Politics & Society
Everyone's a millionaire where promises are concerned.
—OvidPeople make promises for all kinds of reasons, and sometimes fail at it. As important as a promise is, so is how one responds when unable to keep a commitment. Some respond with arrogance and dismissive behaviour, as if a promise is unimportant. Others with humility and grace, offering profuse apologies and sincere opportunity to make amends. The response, in either case, is telling.
A number of reasons are put forward on why people fail to keep their promises, including: 1) a sincere intent to do so, but forgot about it; 2) an intent to do so, but the situation changed; 3) no intent to do so but wanted to appear otherwise in public; and 4) are career liars, adept in sophism and dissembling, and promises are not taken seriously.
Politicians often fall into the last two categories, which explains why the majority of persons express a lack of trust in politicians, continuing to rank them at the bottom [see here, here and here]. For too many politicians the consequences of lying are minimal if not non-existent. They might lose an election but pop up somewhere else in the political system, as a consultant or lobbyist or other political patronage position, such as an appointed senator in Canada's parliamentary system, a political sinceure for serving the party well.
The helping professions, such as doctors, pharmacists and nurses are top-ranked. My wife is a nurse and is highly ethical, so this will please her, earning her some small satisfaction and recognition while working in an emotionally demanding profession.
As for the level of trust accorded politicians, many persons privately say they distrust politicians, saying it matter-of-factly and dismissively and often with amusement, that used car salesman garner more trust. Yet, this speaks volumes. If we cannot trust our political leaders, then we can't trust our democratic institutions, since politicians hold the levers of power. There is a clear line drawn between faith in our democratic institutions and citizen participation in democracy. That is also dropping.

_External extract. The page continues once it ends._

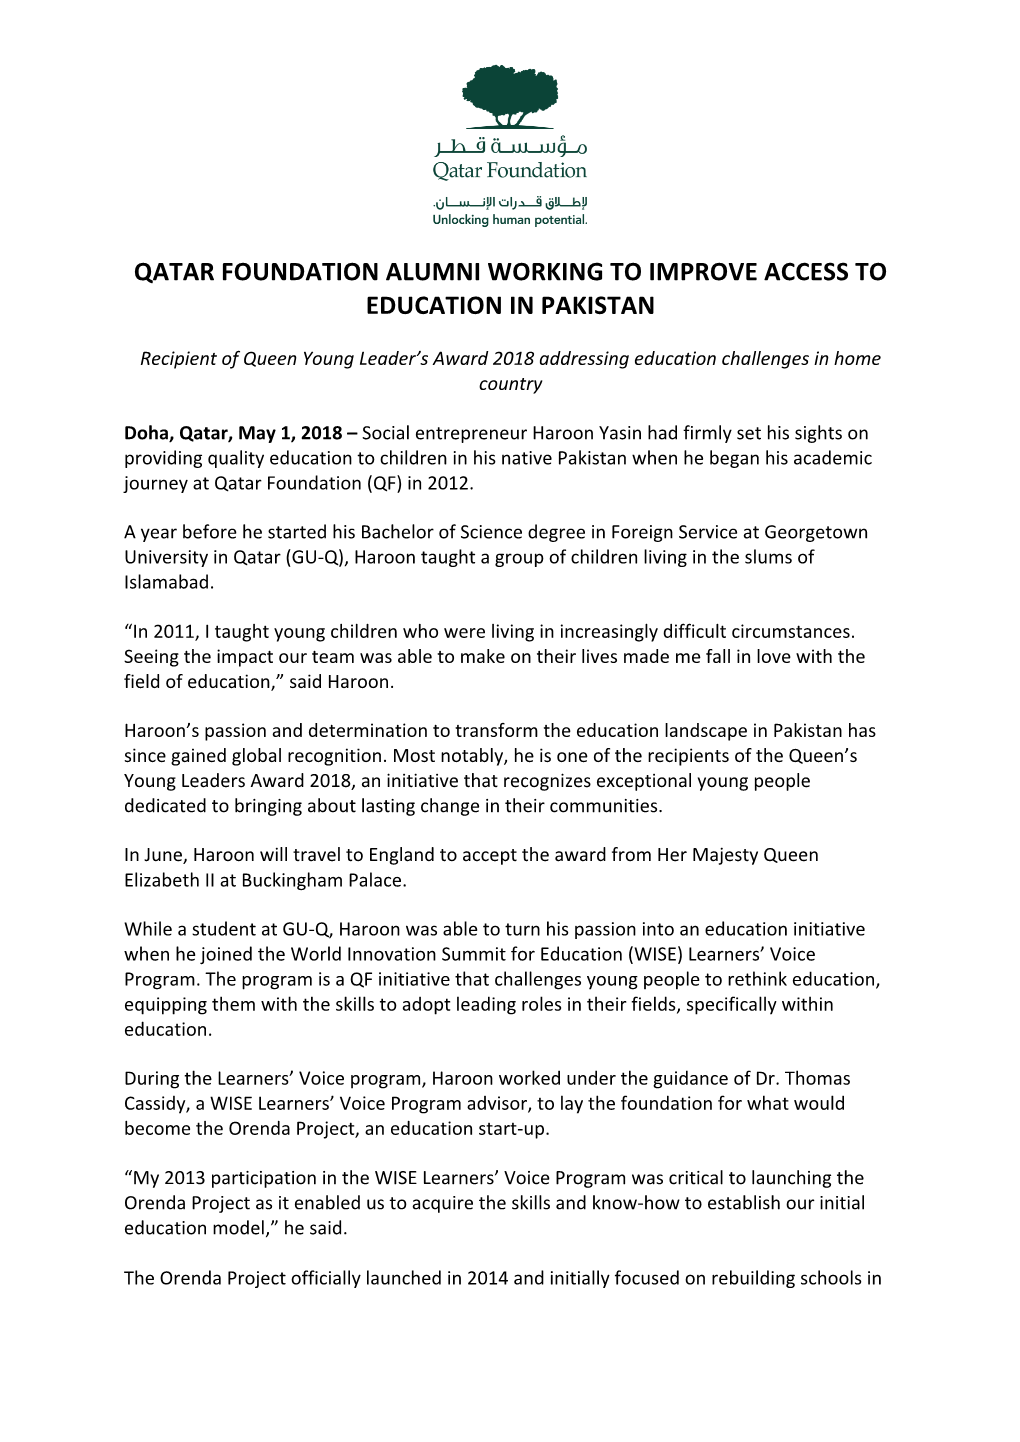 Qatar Foundation Alumni Working to Improve Access to Education in Pakistan

Such faith is essential to democracy's well-being, a point that one Canadian, Paul Kersaw of the University of British Columbia, makes in an article in defense of politicians:
With very little fanfare, the vast majority of elected officials work very long hours — more hours than most of us. This includes giving up a great deal of private time to attend community events and engage constituents. Most politicians are drawn to public service because they genuinely want to make our communities and our country better. Sure, we may disagree with some of their ideas about what constitutes improvement, but this doesn’t require that we disparage the person, or her or his commitment to the job.
There is no doubt we will always need auditors-general, judges, the media and others to scrutinize what politicians do, and how they spend tax dollars on our behalf, just as we must scrutinize activities in the financial sector, among doctors, police officers, teachers, etc. In any profession, the odd bad apple betrays our trust and the authority of their positions.